AGREEMENT TO SERVE. Indemnitee agrees to serve or continue to
serve as director and/or officer of the Company and as Indemnitee
and the
Company may agree, as a director, officer, trustee, general
partner, managing
member, fiduciary, employee or agent of another Enterprise, for so
long as he is
duly elected or appointed and qualified in accordance with the
provisions of the
General Corporation Law of the State of Delaware and the
Certificate of
Incorporation and Bylaws of the Company or until such time as he
tenders his
resignation.

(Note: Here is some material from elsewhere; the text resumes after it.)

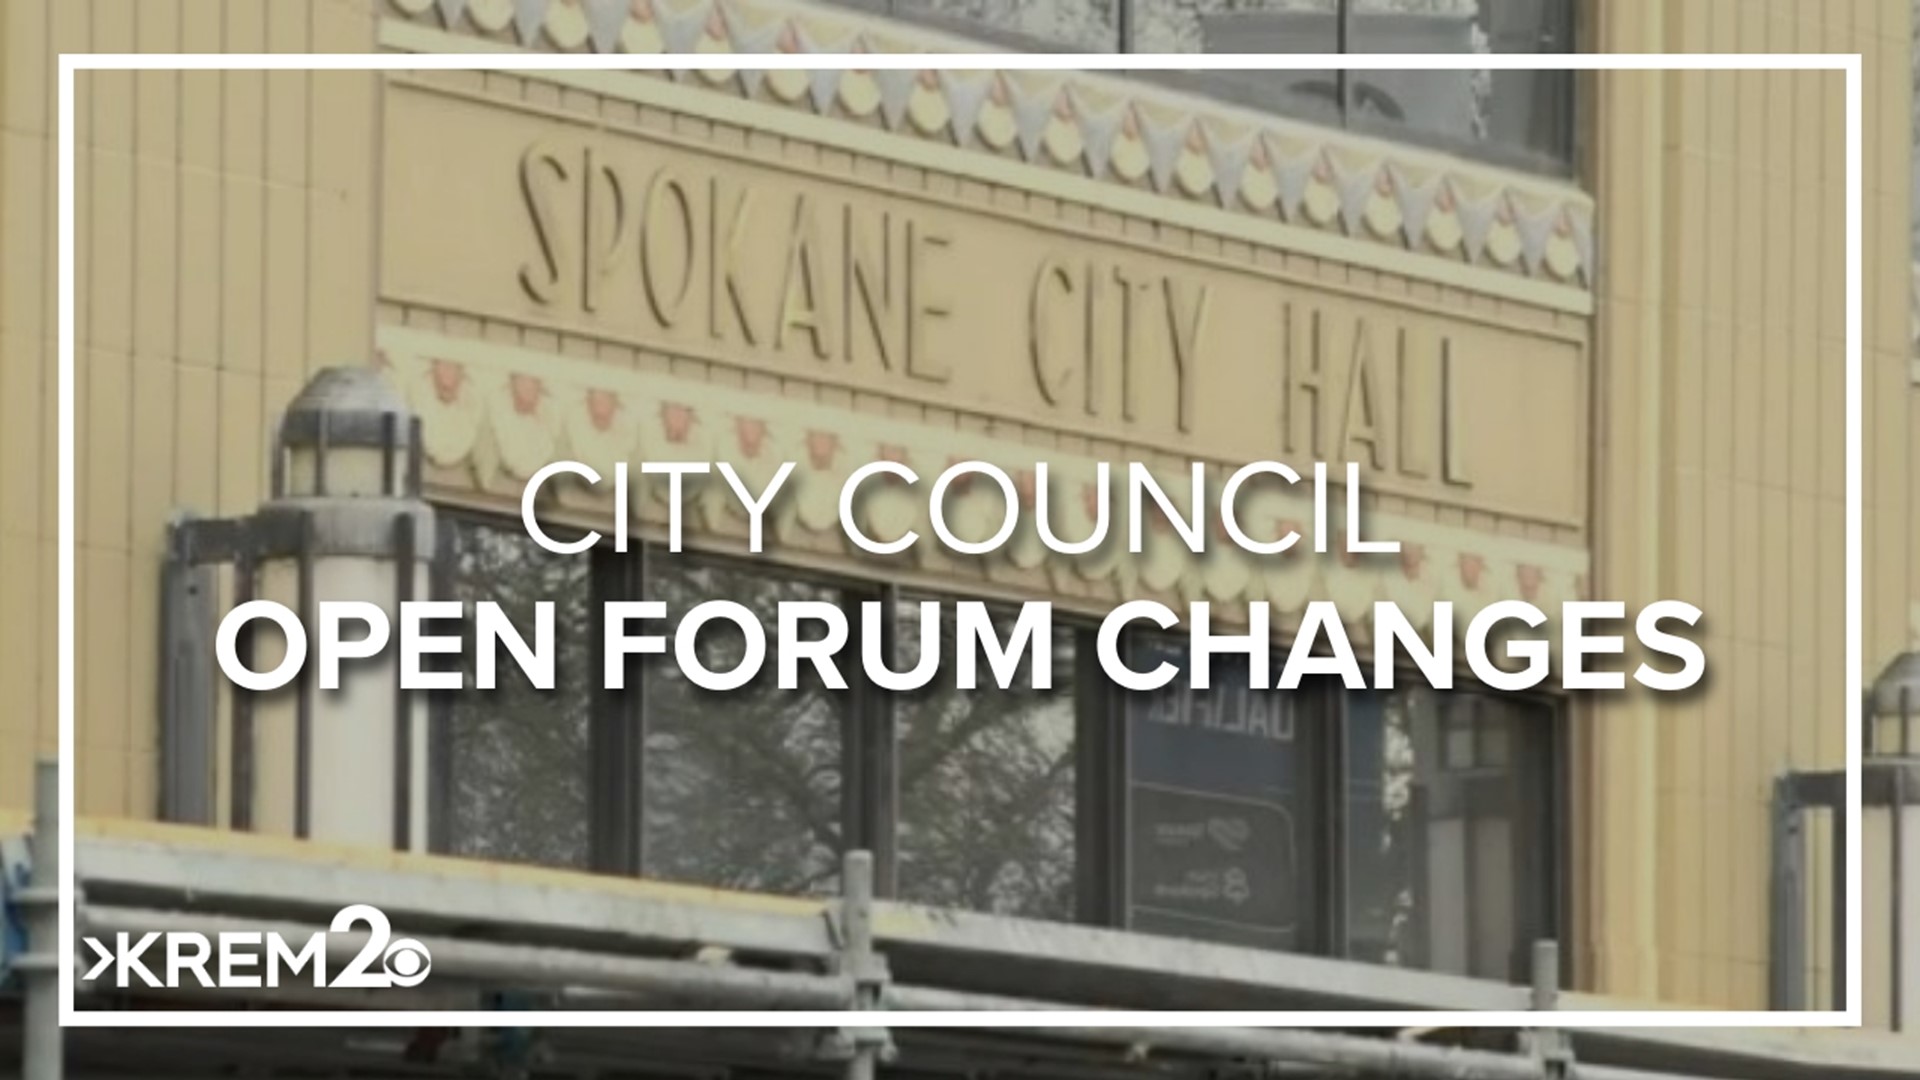 Monday night's meeting brought more changes to city council's rules of procedures, particularly for the rules of public participation in meetings.

The Company acknowledges that the Indemnitee is
relying on this
Agreement in so serving.
2.
DEFINITIONS. As used in this Agreement:
(a) "Change in
Control" means a change in control of the
Company of a nature that would be required to be reported in
response
to Item 6(e) of Schedule 14A of Regulation 14A (or in response to
any
similar item on any similar schedule or form) promulgated under
the
Securities Exchange Act of 1934 (the "Act"), whether or not the
Company
is then subject to such reporting requirement; provided, however,
that,
without limitation, such a Change in Control shall be deemed to
have
occurred if (i) any "person" (as such term is used in Sections
13(d)
and 14(d) of the Act) other than a trustee or other fiduciary
holding
securities under an employee benefit plan of the Company or a
corporation owned directly or indirectly by the stockholders of
the
Company in substantially the same proportions as their ownership
of
stock of the Company is or becomes the "beneficial owner" (as
defined
in Rule 13d-3 under the Act), directly or indirectly, of securities
of
the Company representing 15% or more of the combined voting power
of
the Company's then outstanding securities without the prior
approval of
at least two-thirds of the members of the Board of Directors of
the
Company in office immediately prior to such person attaining
such
percentage interest; (ii) there occurs a proxy contest, or the
Company
is a party to a merger, consolidation, sale of assets, plan of
liquidation or other reorganization not approved by at least
two-thirds
of the members of the Board of Directors of the Company then in
office,
as a consequence of which members of the Board of Directors in
office
immediately prior to such transaction or event constitute less than
a
majority of the Board of Directors thereafter; or (iii) during
any
period of two consecutive years, other than as a result of an
event
described in clause (ii) of this subsection (a), individuals who at
the
beginning of such period constituted the Board of Directors of
the
Company (including for this purpose any new director whose election
or
nomination for election by the Company's stockholders was approved
by a
vote of at least two-thirds of the directors then still in office
who
were directors at the beginning of such period) cease for any
reason to
constitute at least a majority of the Board of Directors.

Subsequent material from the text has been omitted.